PH.D DEFENCE - PUBLIC SEMINAR

Understanding and Improving Neural Architecture Search

Speaker
Mr Shu Yao
Advisor
Dr Low Kian Hsiang, Associate Professor, School of Computing


25 Aug 2022 Thursday, 02:00 PM to 03:30 PM

Zoom presentation

Abstract:

Over the past decade, various deep neural network (DNN) architectures have been devised and have achieved superhuman performance for a wide range of tasks. Designing these neural networks, however, incurs substantial efforts from domain experts by trial and error. These human efforts gradually become unaffordable with an increasing demand for customizing DNNs for different tasks. To this end, neural architecture search (NAS) has been widely applied to automate the design of neural networks in recent years. A number of NAS algorithms have been proposed to improve the search efficiency or the search effectiveness of NAS, i.e., to reduce the search cost and improve the generalization performance of the selected architectures, respectively. Despite these advances, there are still certain essential aspects of NAS that have not been well investigated in the literature, which however may help us to understand and even further improve existing NAS algorithms.

Firstly, only a few efforts have been devoted to understanding the neural architectures selected by popular NAS algorithms in the literature. In the first work of this thesis, we take the first step of understanding popular NAS algorithms by answering the following questions: What types of architectures are selected by popular NAS algorithms, and why are they selected? In particular, we reveal that existing NAS algorithms (e.g., DARTS, ENAS) tend to favor architectures with wide and shallow cell structures. These favorable architectures consistently achieve fast convergence and are consequently selected by NAS algorithms. Our empirical and theoretical studies then further suggest that their fast convergence derives from their smooth loss landscape and accurate gradient information. Nonetheless, these architectures may not necessarily lead to better generalization performance than other candidate architectures in the same search space, and therefore further improvement is possible by revising existing NAS algorithms in the future.

Secondly, standard NAS algorithms typically aim to select only a single neural architecture from the search spaces and thus have overlooked the capability of other candidate architectures in helping improve the performance of their final selected architecture. To this end, in the second work of this thesis, we present two novel sampling algorithms under our Neural Ensemble Search via Bayesian Sampling (NESBS) framework that can effectively and efficiently select a well-performing ensemble of neural architectures from the NAS search space. Compared with state-of-the-art NAS algorithms and other well-known ensemble search baselines, our NESBS algorithms are shown to be able to achieve improved performance in both classification and adversarial defense tasks on various benchmark datasets while incurring a comparable search cost to these NAS algorithms.
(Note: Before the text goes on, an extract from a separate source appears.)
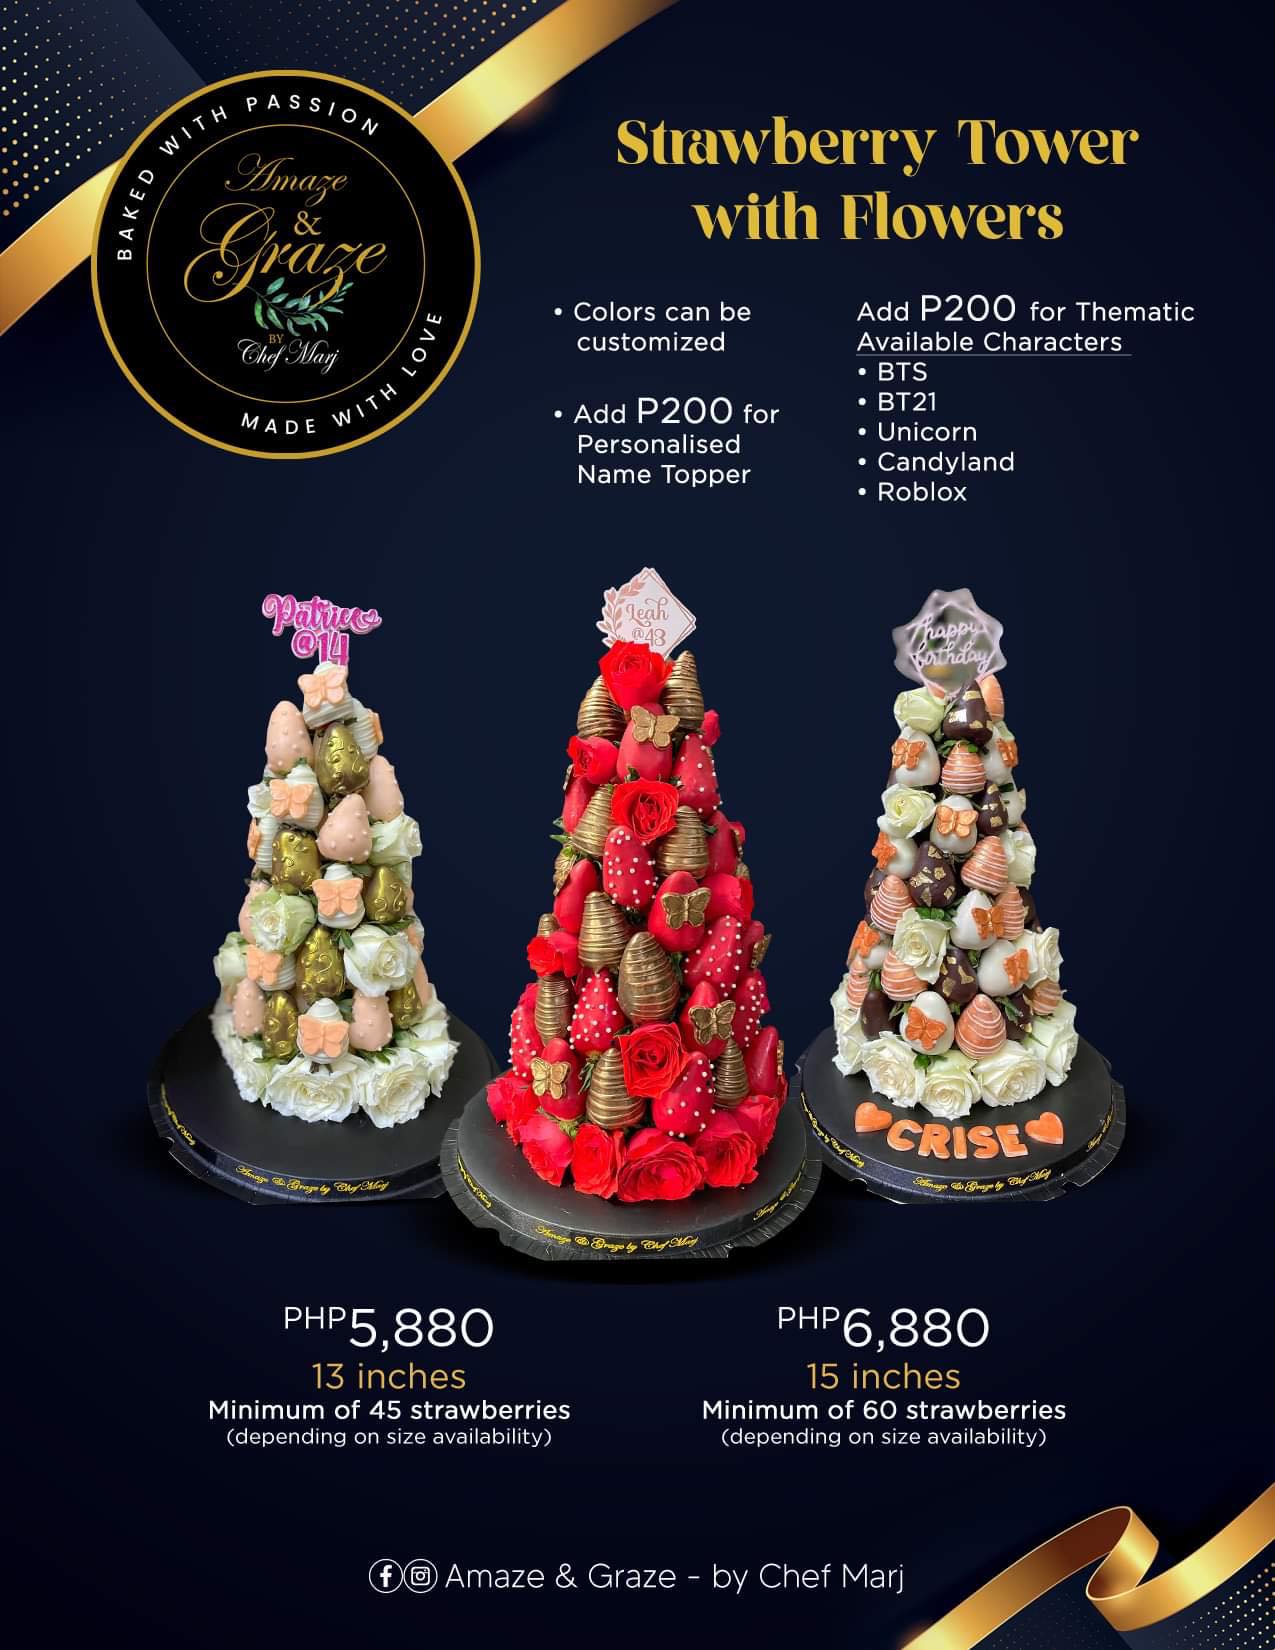 Strawberry Tower with Flowers

Thirdly, the search efficiency of popular NAS algorithms in the literature is severely limited by the need for model training during the search process. To overcome this limitation, we propose a novel NAS algorithm called NAS at Initialization (NASI) that exploits the capability of Neural Tangent Kernel (NTK) in being able to characterize the converged performance of candidate architectures at initialization, hence allowing model training to be completely avoided to boost the search efficiency. Besides the improved search efficiency, NASI also achieves competitive search effectiveness on various datasets like CIFAR-10/100 and ImageNet. Further, NASI can guarantee the benefits of being label- and data-agnostic under mild conditions, i.e., the provable transferability of architectures selected by our NASI over different datasets.

Finally, though recent NAS algorithms using training-free metrics are able to select well-performing architectures in practice, the reason why training-free NAS using these metrics performs well still has not been fully understood. To this end, in the last work of this thesis, we provide unified theoretical analyses for gradient-based training-free NAS to understand why it performs well in practice. Based on these theoretical understandings, we then develop a novel NAS framework called Hybrid Neural Architecture Search (HNAS) that is able to enjoy the advantages of both training-free (i.e., the superior search efficiency) and training-based NAS (i.e., the remarkable search effectiveness), allowing gradient-based training-free NAS to be further improved.